That enables us to load the locale 0 and fallback to locale 1 and then to locale 2 etc.

The only crucial point here is that we need to operate on the list of available locales, not requested, because we will be selecting from the available ones.

# Anne van Kesteren (11 years ago)

On Sun, Jul 14, 2013 at 5:20 AM, Andy Earnshaw <andyearnshaw at gmail.com> wrote:

I certainly do, at least for Canonicalize-. I've come across one user agent that returns navigator.language in non-canonical form which presented a small problem for data I had stored with canonical file names. This was a WebKit based Smart TV platform from 2012, so it was fairly recent, there could be other platforms or frameworks that do the same.

FWIW, exposing a new API because another API is broken in a particular implementation is a known anti-pattern.

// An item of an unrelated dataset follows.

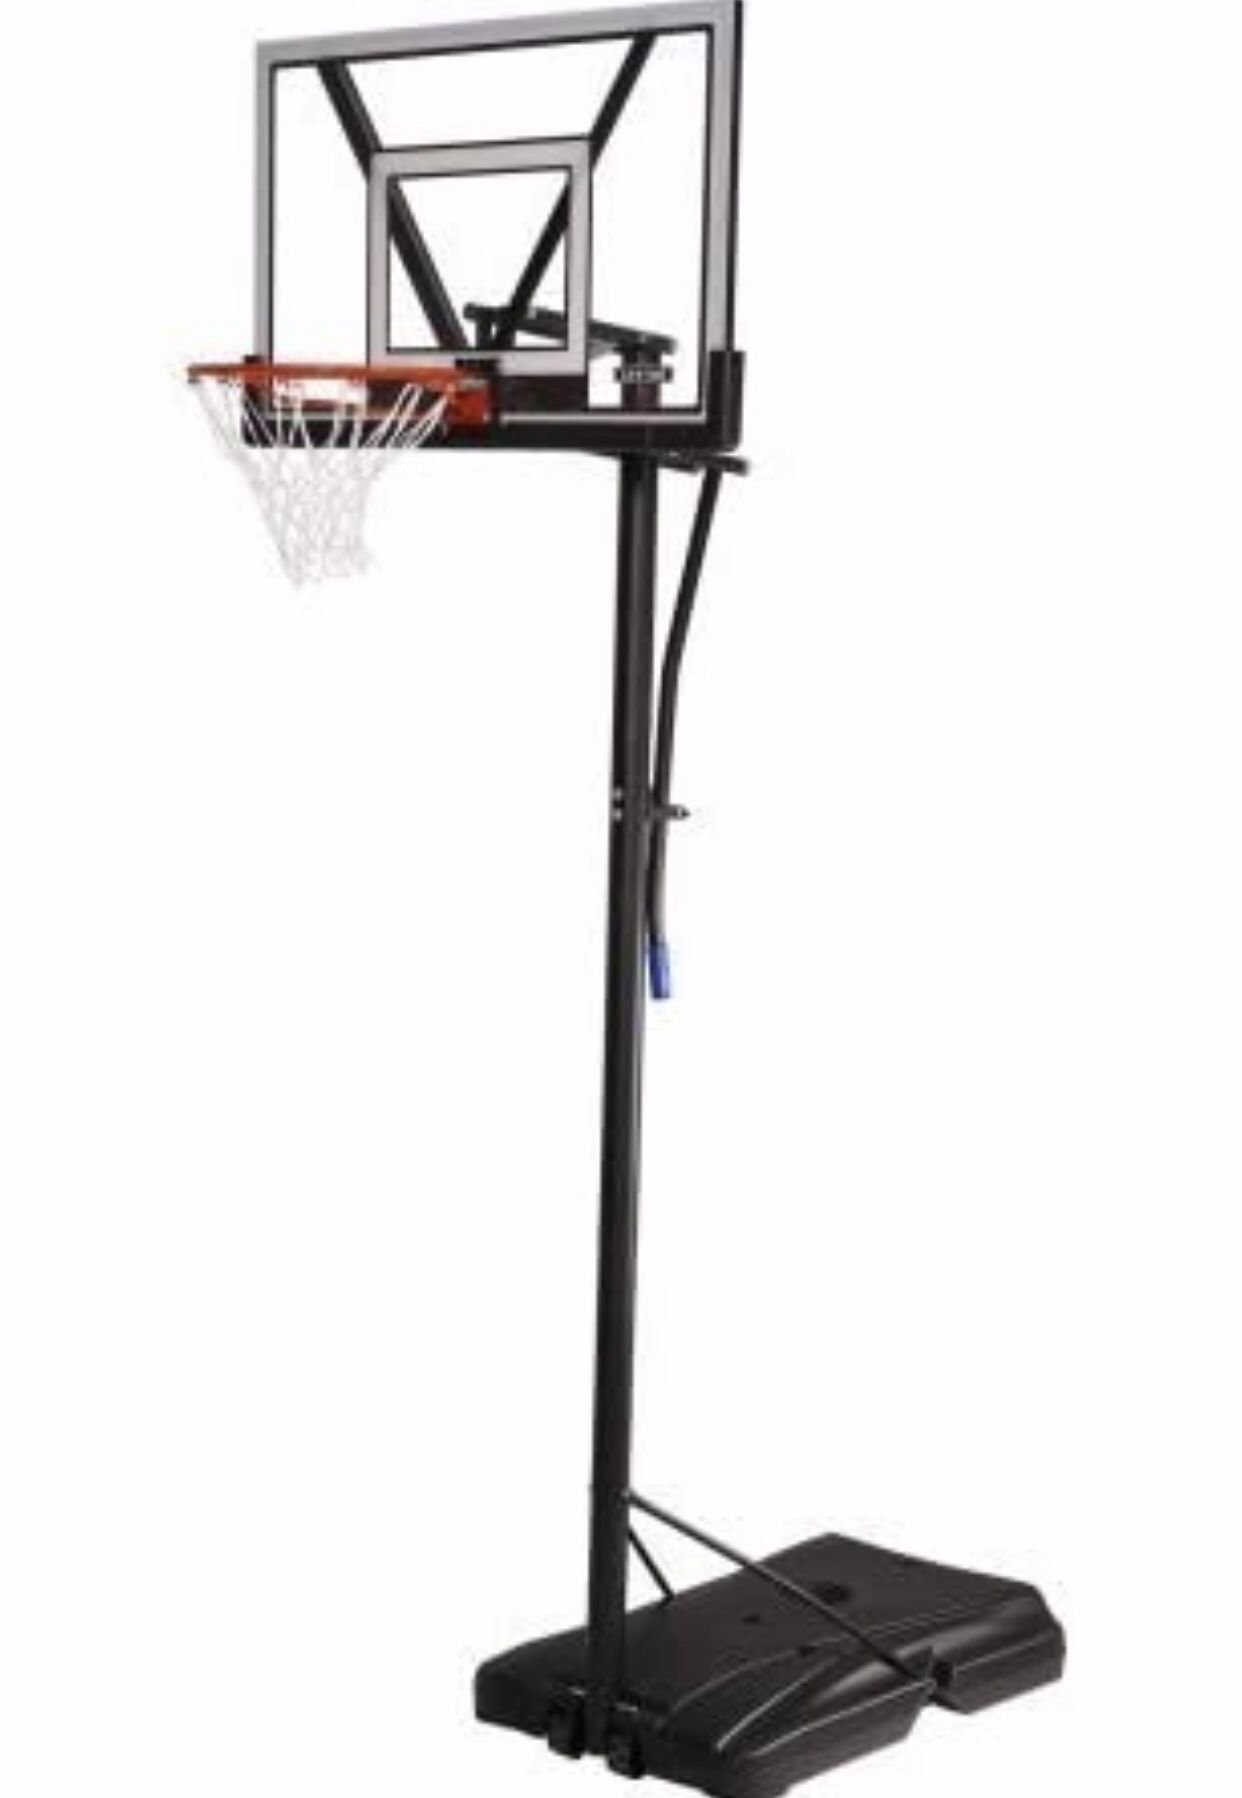 Lifetime Adjustable Portable Basketball Hoop 48" Backboard w/ V-Frame

We should fix problems at the source.

# Andy Earnshaw (11 years ago)

On Mon, Jul 15, 2013 at 9:37 PM, Anne van Kesteren <annevk at annevk.nl> wrote:

On Sun, Jul 14, 2013 at 5:20 AM, Andy Earnshaw <andyearnshaw at gmail.com> wrote:

I certainly do, at least for Canonicalize-. I've come across one user agent that returns navigator.language in non-canonical form which presented a small problem for data I had stored with canonical file names. This was a WebKit based Smart TV platform from 2012, so it was fairly recent, there could be other platforms or frameworks that do the same.

FWIW, exposing a new API because another API is broken in a particular implementation is a known anti-pattern. We should fix problems at the source.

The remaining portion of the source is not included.